- Greenock
- Coordinates: 34°27′28″S 138°55′39″E﻿ / ﻿34.45778°S 138.92750°E
- Population: 1,087 (2016 census)
- Established: 1851
- Postcode(s): 5360
- Location: 66.2 km (41 mi) North of Adelaide
- LGA(s): Light Regional Council
- State electorate(s): Schubert, Light, Stuart
- Federal division(s): Barker
Localities around Greenock:
| Fords | Moppa | Ebenezer |
| Nain | Greenock | Nuriootpa |
| Daveyston | Seppeltsfield | Marananga |

= Greenock, South Australia =

Greenock is a small town on the north-west edge of the Barossa Valley. Located 66 km from Adelaide on the Sturt Highway (A20), Greenock is characterised by tree-lined streets with shady peppercorn trees which offer welcome relief from the hot summers which are characteristic of the area.
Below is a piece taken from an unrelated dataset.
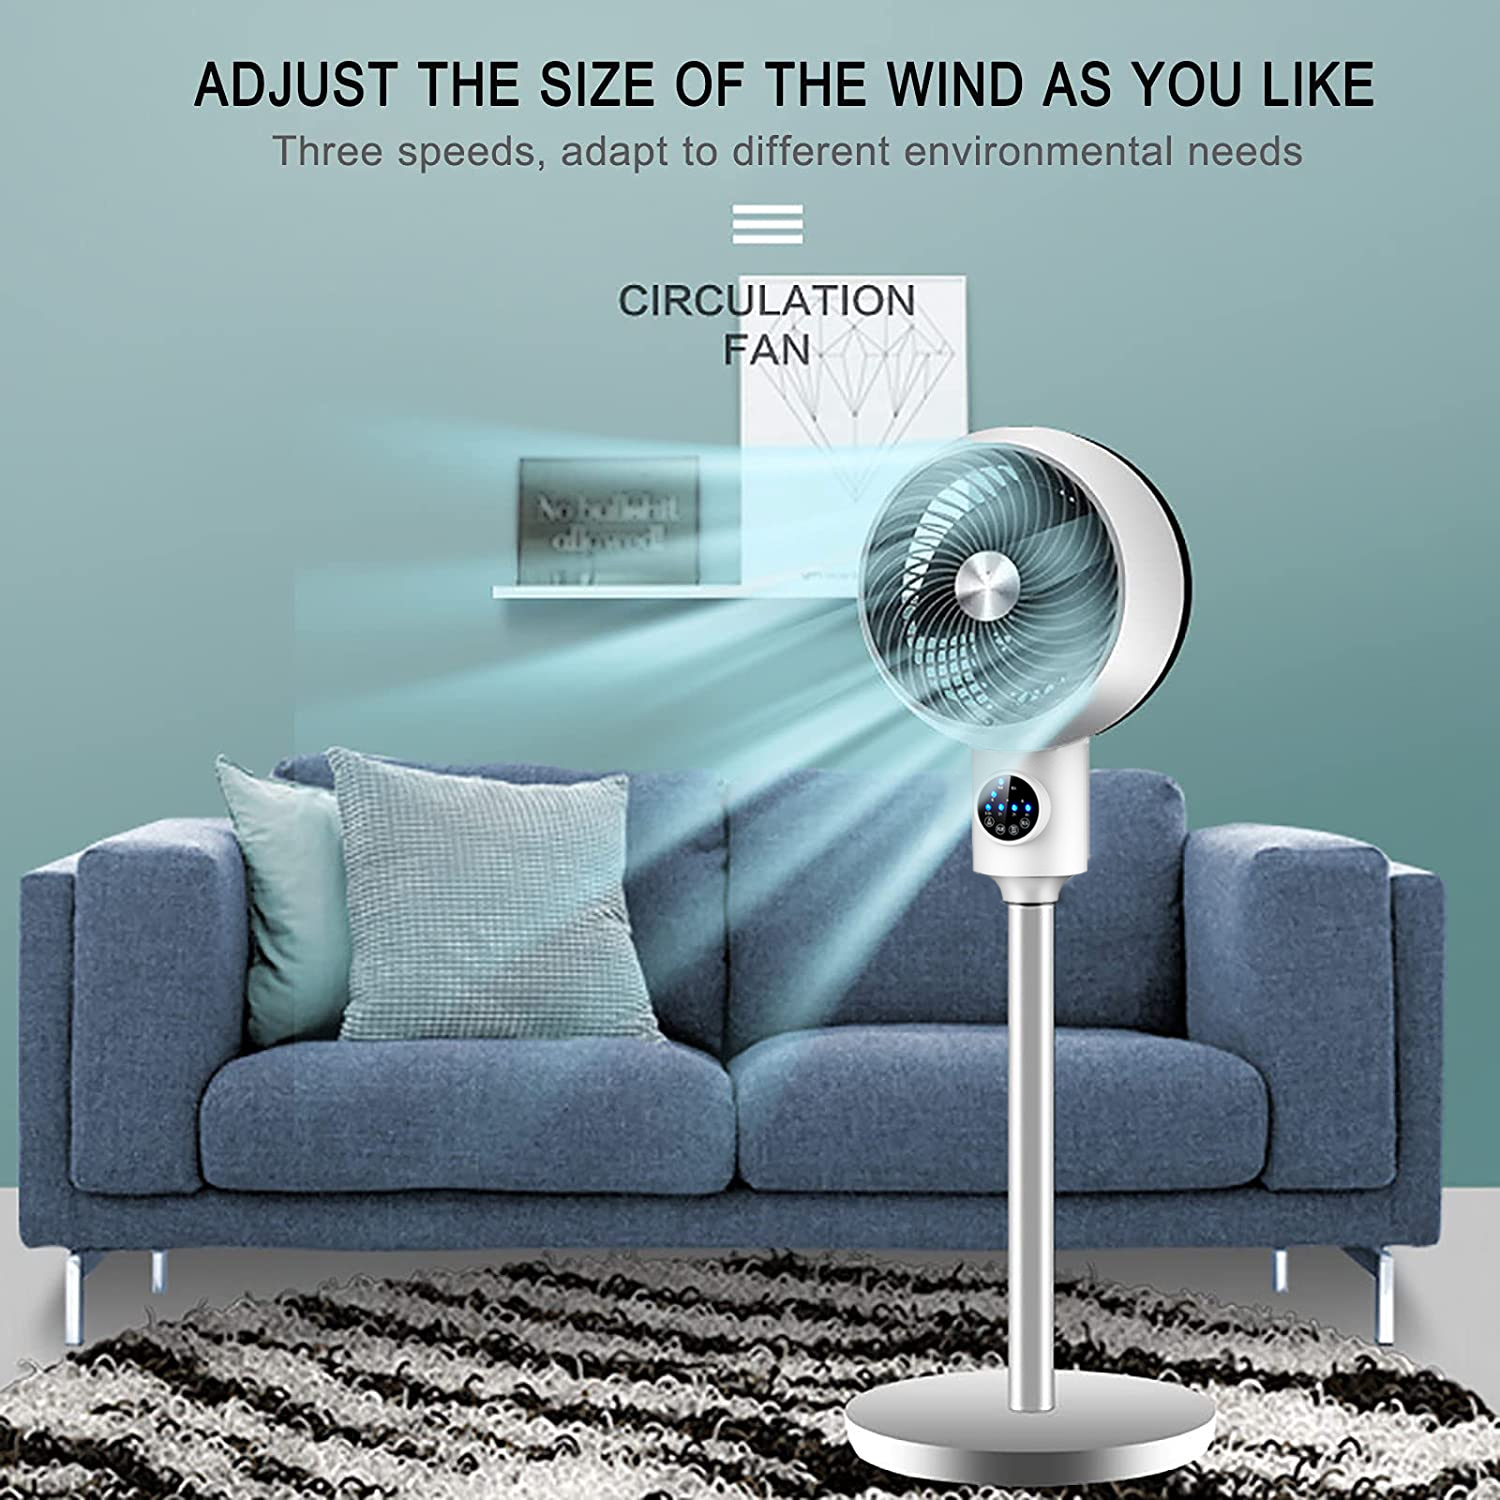 SUGIFT Fans for Home, Whole Room Air Circulator Fan, 3 Speeds for Office, Bedroom, White - image 4 of 7
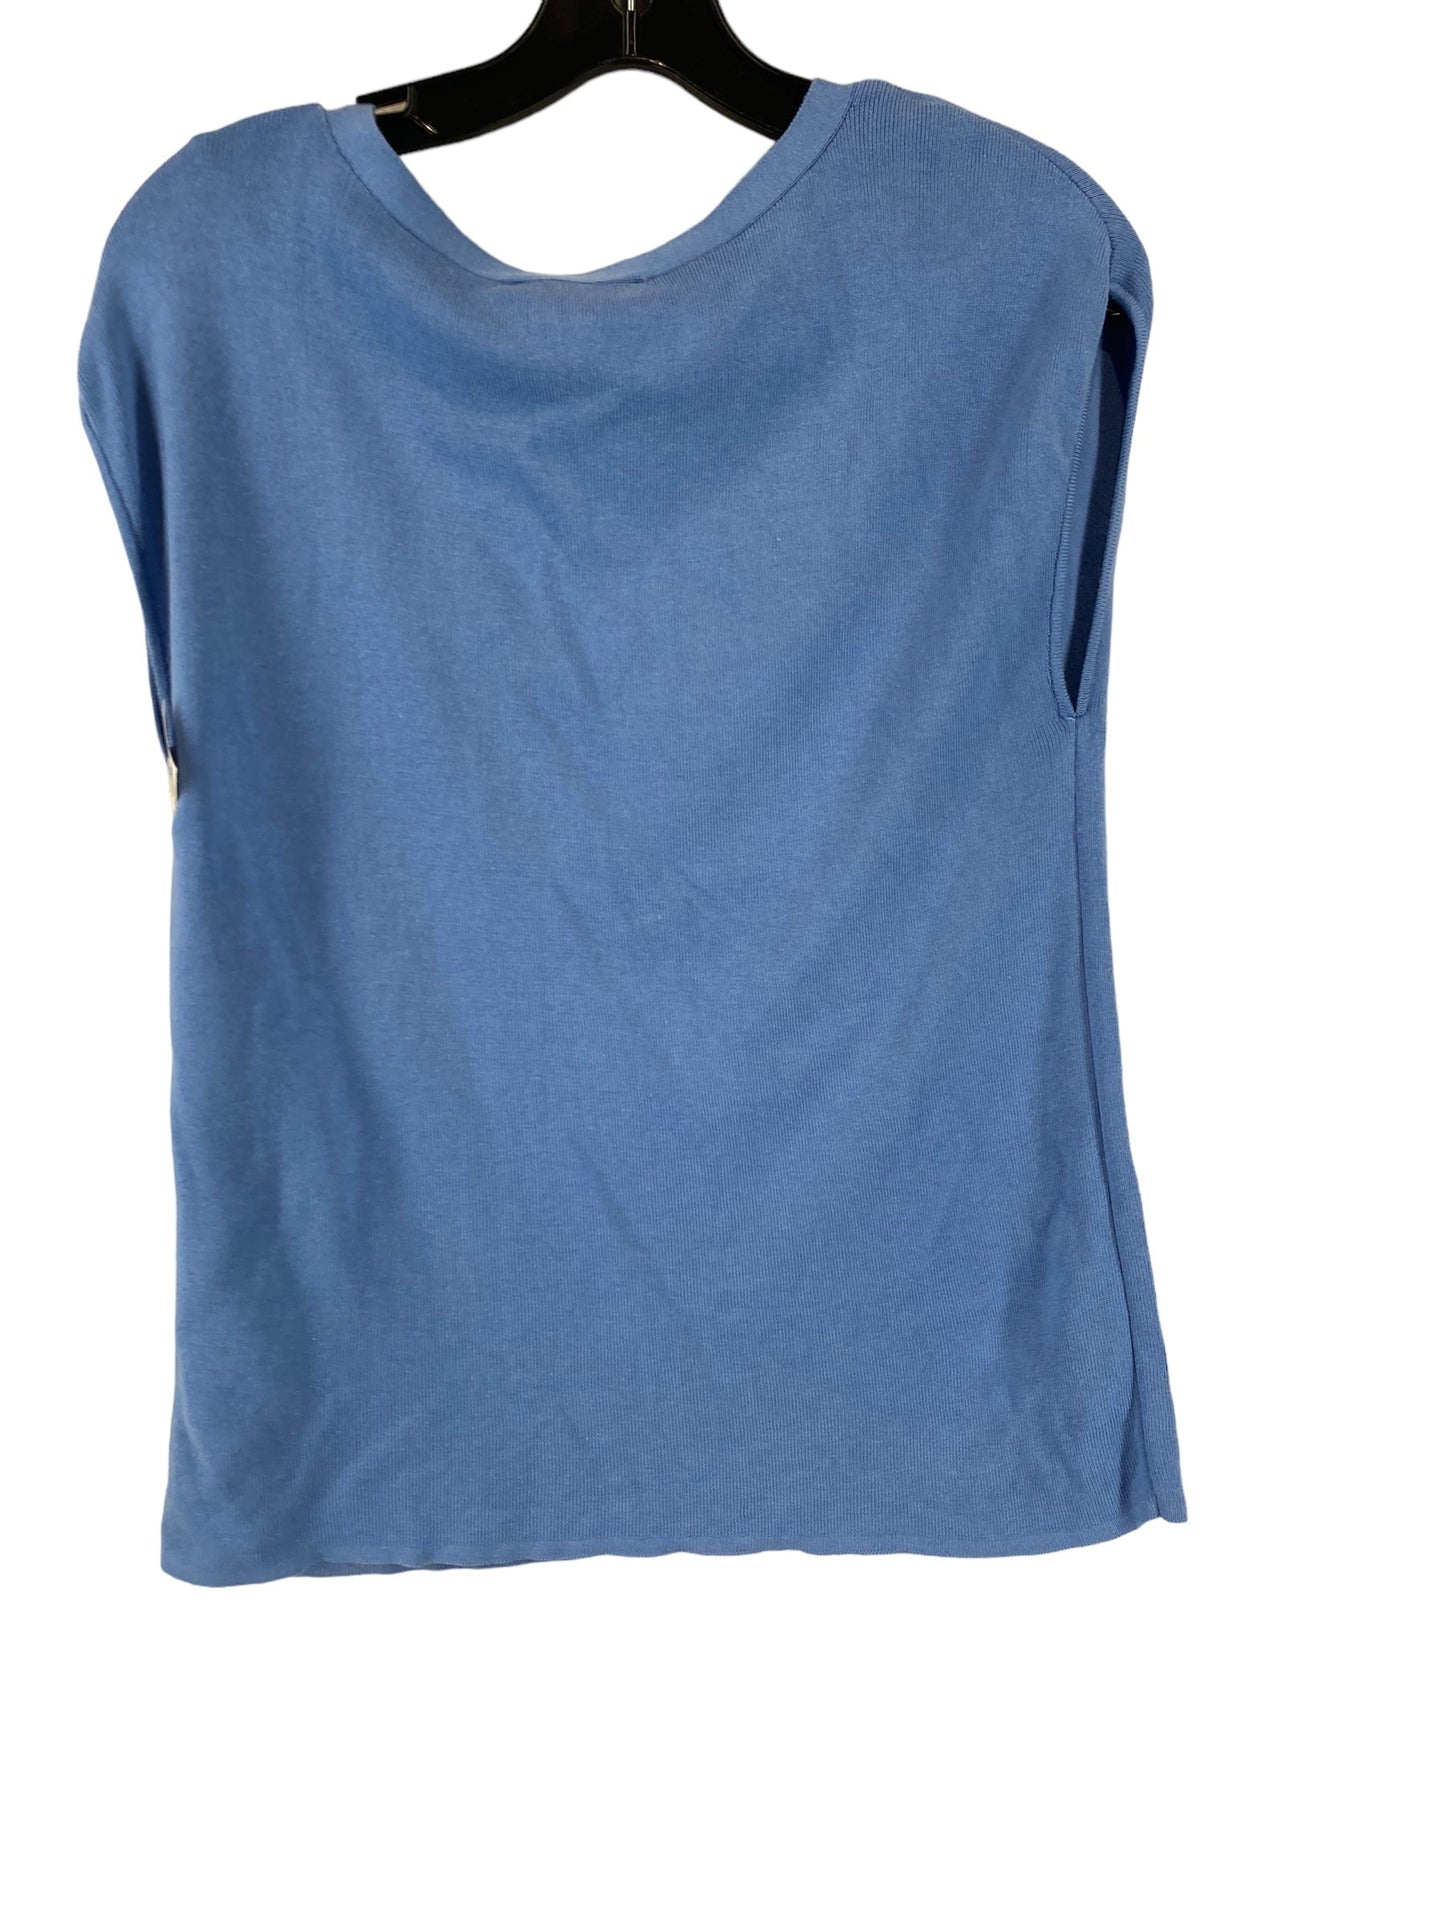 Blue Top Sleeveless Coldwater Creek, Size L

The town was named by James Smith, the secretary of George Fife Angas, after Greenock on the River Clyde in Scotland and is sometimes called Little Scotland in the Barossa Valley. The town is also located on the famous Heysen Trail.

==Residents==
According to the 2016 Census the population of the Greenock census area was 1087 people. Of these 51.8% were male and Aboriginal and/or Torres Strait Islander people made up 0.7% of the population. The median age of people in Greenock was 40 years and 84.4% were Australian born. The median weekly household income is A$1,568 per week, compared with $1,026 for South Australia overall. 35.7% of the population identify themselves as having no religion, while 25.7% identify as Lutheran.